Quote from: Indra on 28 April 2012, 09:40:48 PM
apakah anda mengerti makna dari kata "kesan"? jika anda tidak mengerti silakan buka KBBI
Berarti anda hanya menganggap, anda tidak dapat memberi contoh. Mengapa seseorang yg sering berdiskusi seperti anda memberi suatu pernyataan yg tidak berdasar? Sebetulnya apakah makna diskusi bagi anda? Untuk bergunjing? Untuk mencari kemenangan? untuk menunjukkan Ego? Jika demikan setelah komentar anda saya akan mengutip pernyataan dari anda dari thread lain tentang pernyataan yg mungkin menurut anda mempunyai arti teguran yg baik, mengikuti ajaran Sang Buddha
apa yg saya kutip itu bukanlah kata2 Sang Buddha, saya sudah menyebutkan judul suttanya agar anda bisa memeriksanya, silakan anda baca dulu.
Yang saya butuhkan adalah jawaban pertanyaan saya. Bukan melebarkan masalah. Apakah ada ajaran dr Sang Buddha yg mengatakan bahwa Seorang umat boleh menyatakan bahwa Bhikkhu masih umat putthujana?
Contoh anda adalah benar dan bisa dibenarkan jika profesi anda adalah algojo yg bertugas untuk mengeksekusi seseorang atas perintah atasan, dalam hal ini, anda memang punya kewajiban dan anda memang harus melakukan kewajiban itu. ayo coba lagi ...
Terima kasih, setidaknya anda jujur mengatakan pernyataan itu benar'
jika anda tidak bisa memastikan dan ternyata Bro Adi adalah seorang Arahat, bolehkah Bro Adi berkomentar demikian?

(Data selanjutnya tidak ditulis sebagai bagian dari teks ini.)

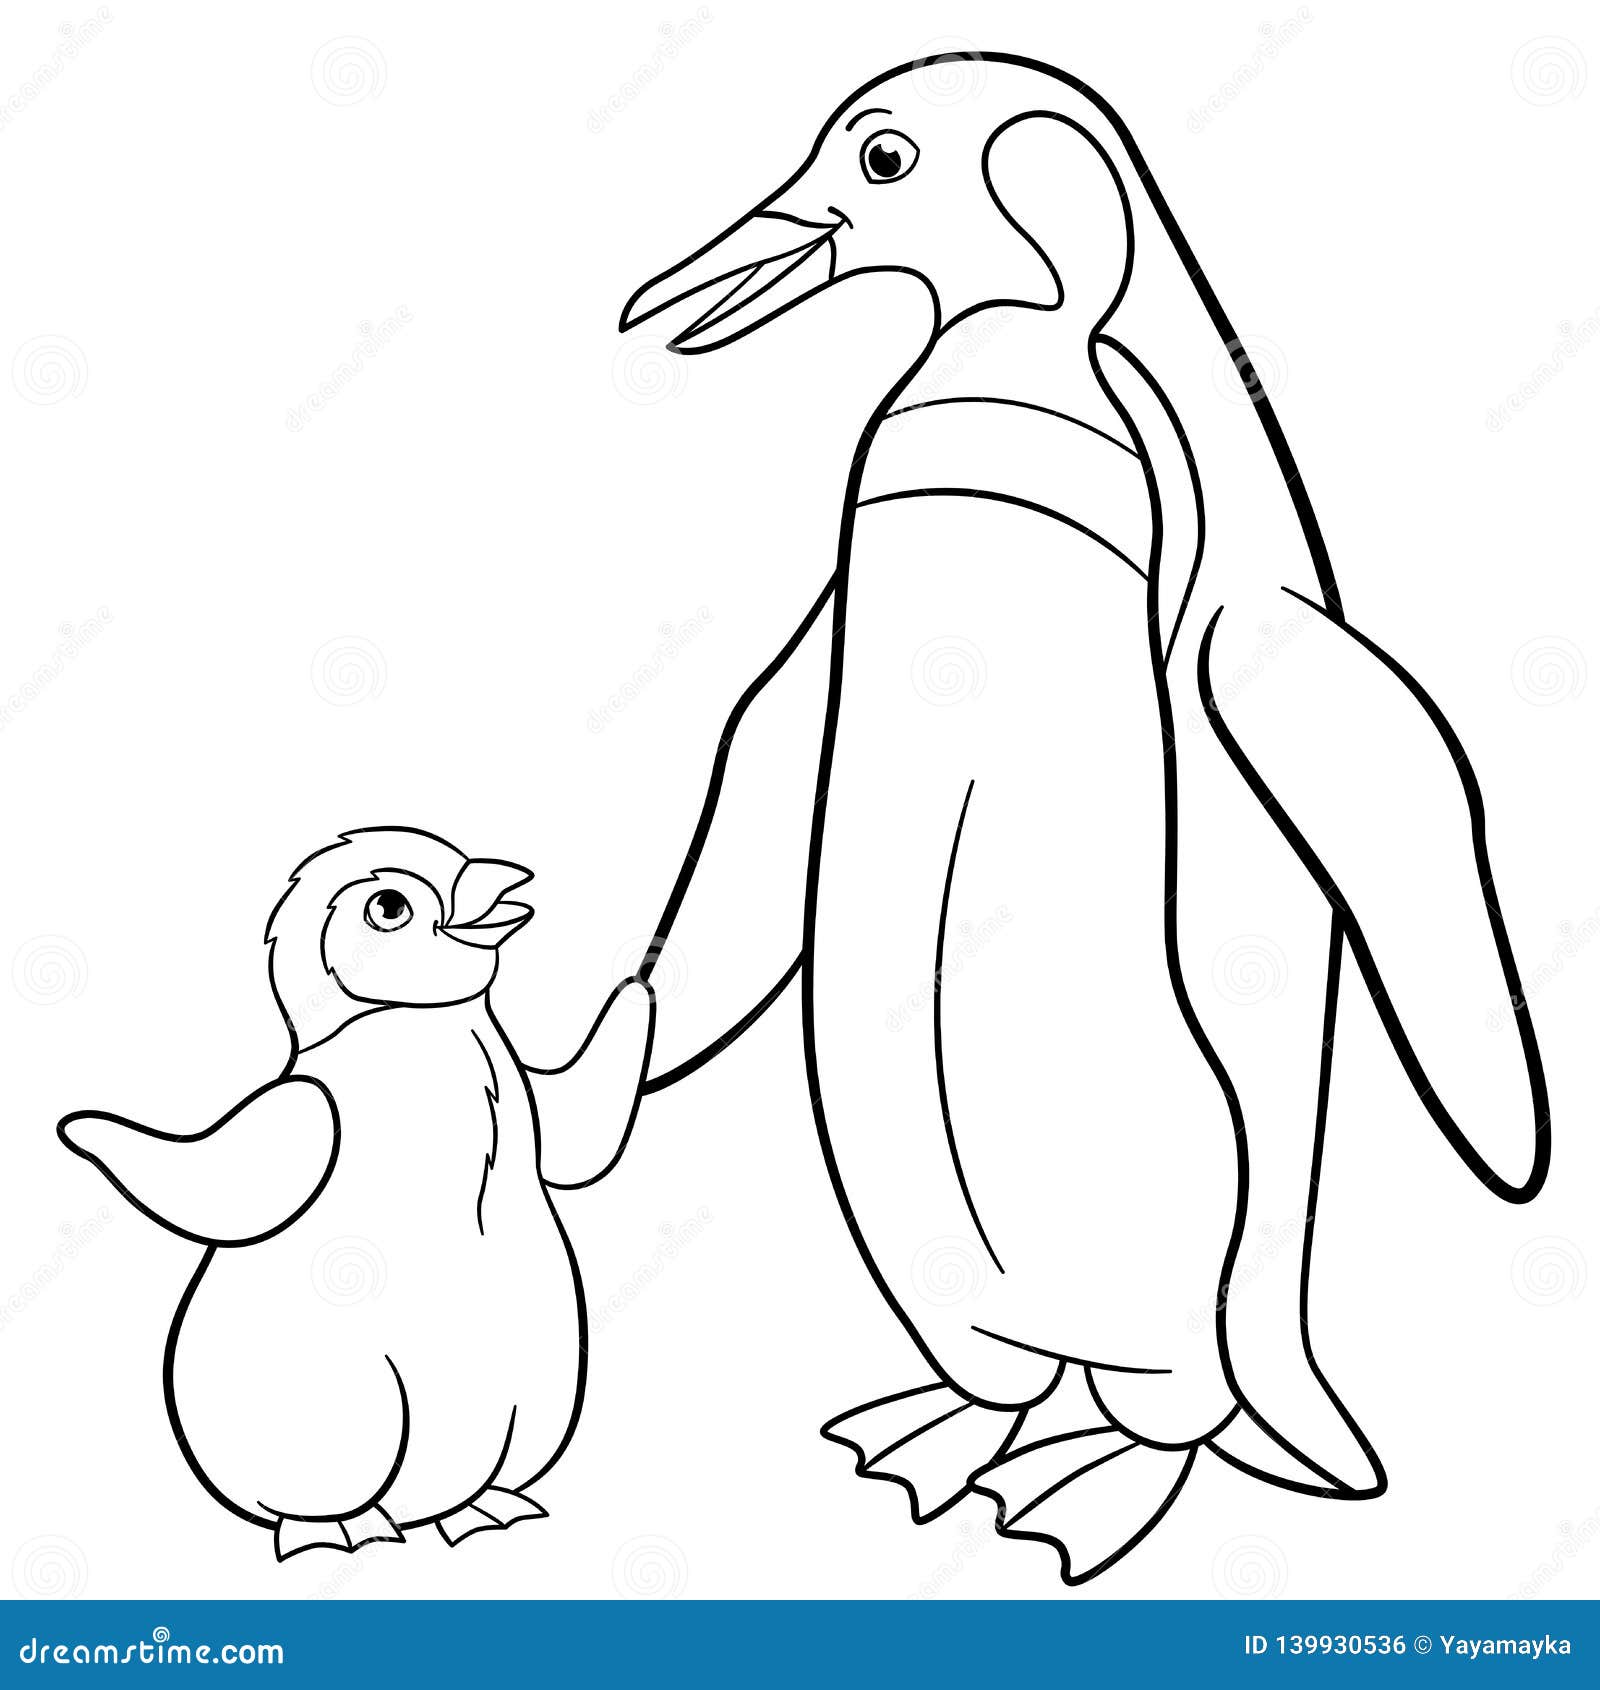 Mommy And Baby Vector Design Images, Cute Mommy And Baby Penguin

bagaimana caranya anda menilai pikiran seseorang? apakah anda mengerahkan cetopariyanana?
Kembali saya tegaskan, bahwa Bro Adi sendiri yg mengakui dia tidak dapat mengetahui. Apakah anda tidak paham atau terus ingin menghindar.
Anda hanya ingin bermain kata. Sayang sekali diskusi ini telah berubah menjadi debat kusir. Hanya karena Bro Adi dan mungkin anda juga ingin menghindari menjawab pertanyaan : Apakah dalam konotasi menghormati atau tidak menghormati. Jika dilanjutkan diskusi ini tidak akan selesai 1 tahun. Buang2 waktu saja.

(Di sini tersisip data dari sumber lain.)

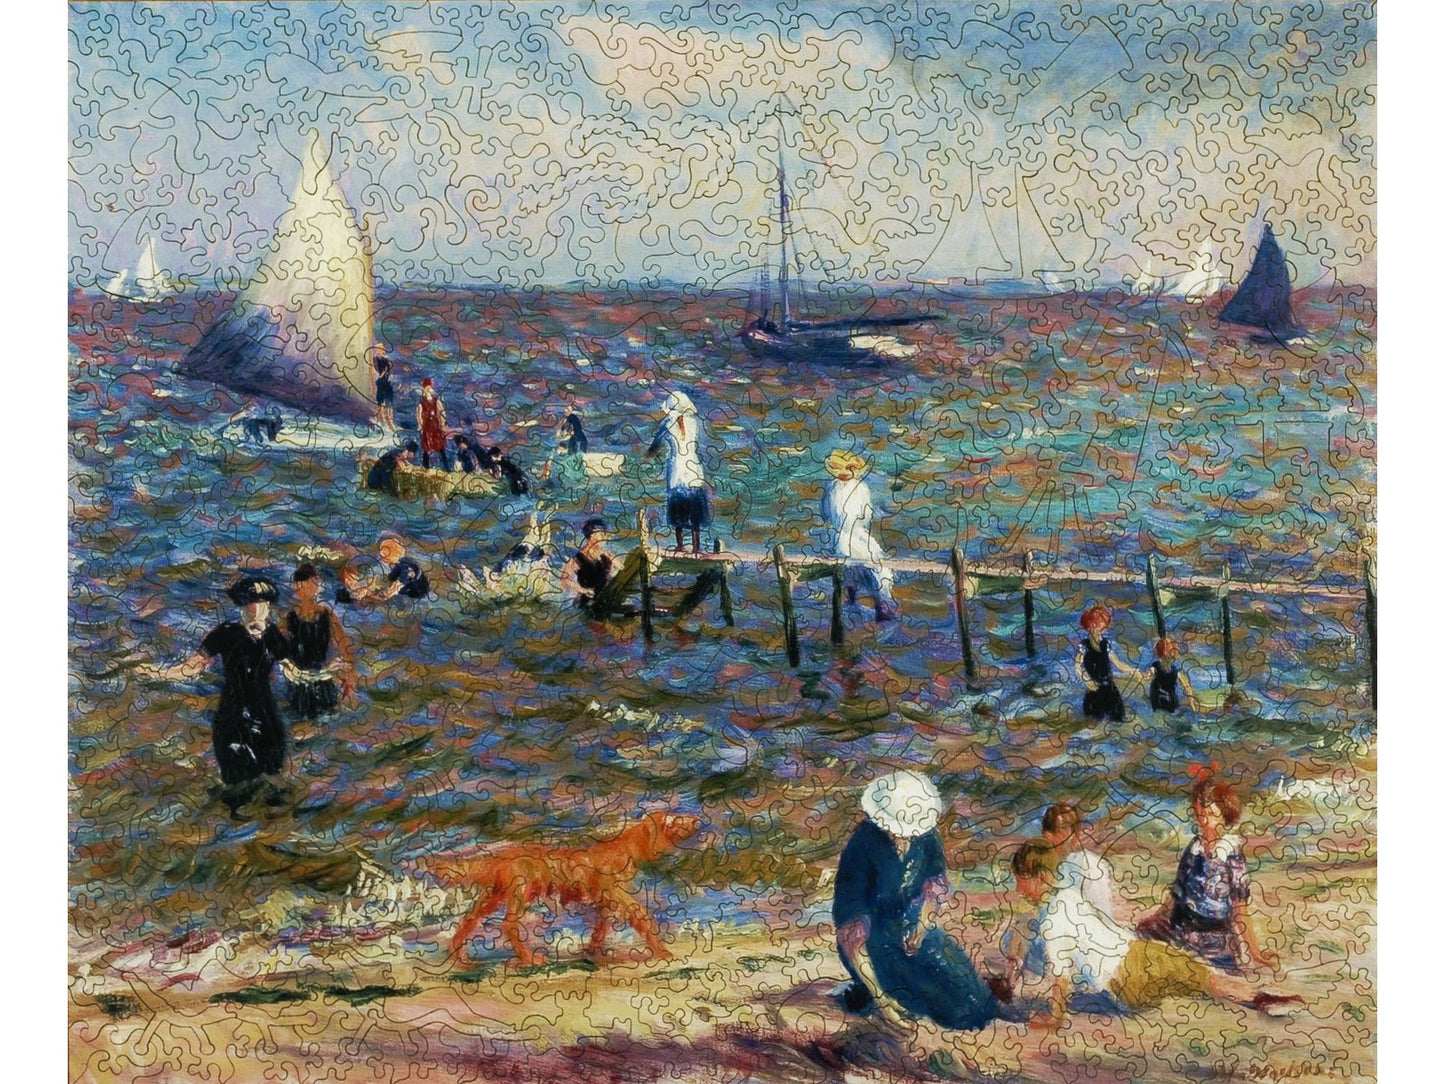 The front of the puzzle, The Little Pier, showing several people playing on the beach and swimming, and sailboats on the ocean.

Quote from: adi lim on 29 April 2012, 05:27:53 AMSesuai dengan perkiraan saya, anda hanya mengucapkan kata2 tersebut dalam rangka pergunjingan tanpa dasar. Seseorang harus berani menjawab mengapa kita mengomentari sebuah pernyataan. Anda tidak dapat menjawab karena itu dilema bagi anda; Jika anda menjawab tidak menghormati berarti anda menyetujui anggapan saya yg anda debat. Jika anda menghormati berarti anda bertolak belakang dengan pernyataan anda? Bingungkah?
dan perdebatan ini juga timbul karena penasaran anda utk mengetahui pernyataan saya yang anda konotasikan masalah hormat dan tidak menghormat.
ato memang anda suka menghormat dan dihormati ?
saya hanya perlu tahu apakah parinirwana = parinibbana ? dan ditujukan kepada TS atau Tim panitia penyelenggara peringatan 10 th
supaya penghuni alam DC dan 'pemirsa' tahu apa sebenarnya tujuan utk memperingati 10th para pendahulu yang sudah 'parinirwana' !
saya tidak akan menjawab arti konotasi yang anda maksud, itu hak saya !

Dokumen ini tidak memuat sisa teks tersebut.